CenturyLink suffered a widespread network outage across the U.S. Sunday morning, which had a ripple effect across sites such as Cloudflare, Hulu and Amazon, among others.
ThousandEyes, which is a monitoring company that's being bought by Cisco, said in an email to FierceTelecom Sunday afternoon that it detected a large-scale outage on CenturyLink's Level 3 backbone starting at 6 a.m.
"Level 3 is used as a transit provider for many app providers, so it had a significant cascading impact on global connectivity to thousands of services," ThousandEyes said in the email.
CenturyLink's network provides core IP, voice, video, and content delivery for a large number of carriers across North America, Latin America, Europe, and some of Asia. CenturyLink said the IP-outage was fixed just after 11 a.m. and that all of the services that were impacted had been restored.

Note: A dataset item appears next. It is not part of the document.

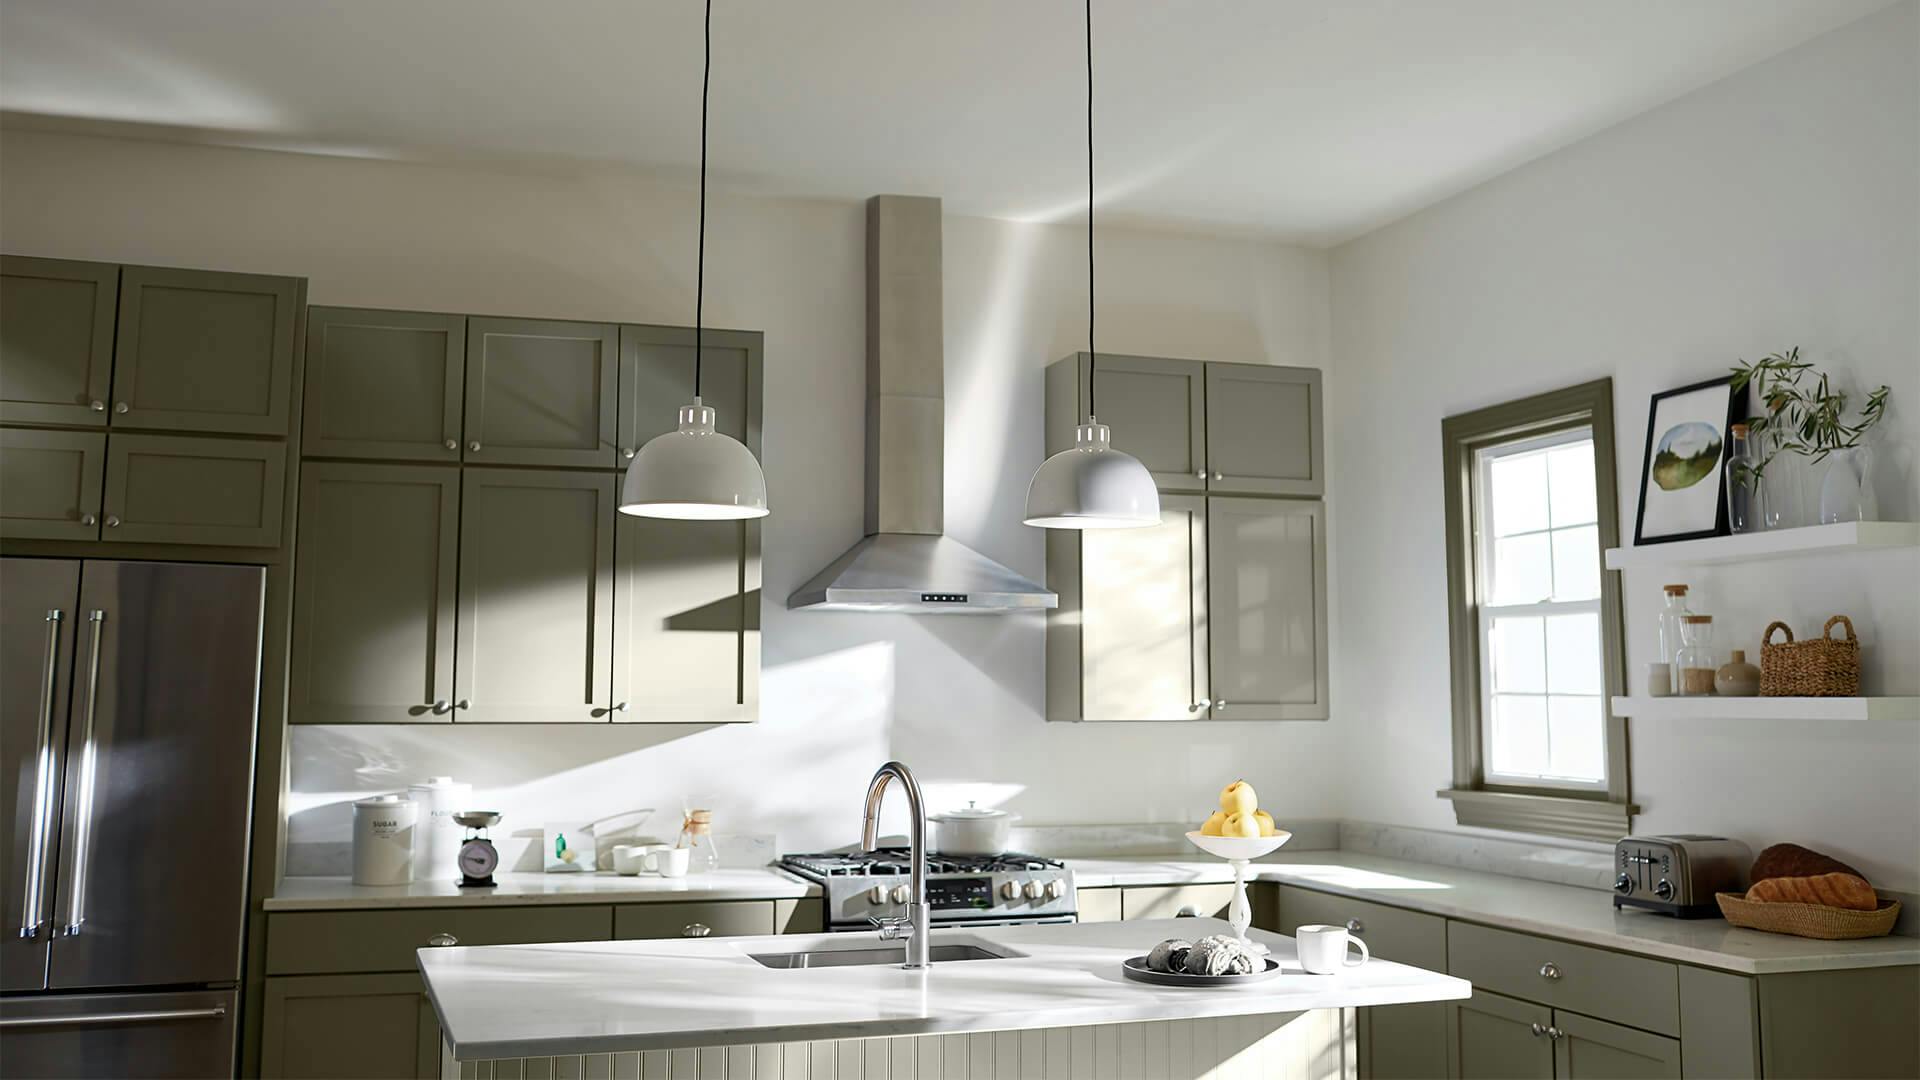 Two Zailey pendants above a kitchen island turned on in the daytime

“Today we saw a widespread internet outage online that impacted many multiple providers,” Cloudflare CTO John Graham-Cumming said, in a statement. “This was not a Cloudflare-specific outage. Level 3/CenturyLink was responsible for an outage that affected many internet services, including Cloudflare. Cloudflare’s automated systems detected the problem and routed around them, but the extent of the problem required manual intervention as well.”
Cloudflare provided a detailed account of CenturyLink's outage in a Sunday blog, which said that traffic dropped to "near-zero during the incident." Globally, Cloudflare saw a 3.5% drop in global traffic during the outage, nearly all of which was due to a nearly complete outage of CenturyLink’s ISP service across the United States, which would indicate that the outage was among the largest in a while.
CenturyLink/Level 3 requested that other backbone providers disable their peering with its backbone and ignore traffic coming in from its network—which led to a loss of connectivity for customers— as it worked to fix the outage.
According to a CenturyLink status page, the outage originated from CenturyLink's CA3 data center in Mississauga, a city outside of Ontario, Canada.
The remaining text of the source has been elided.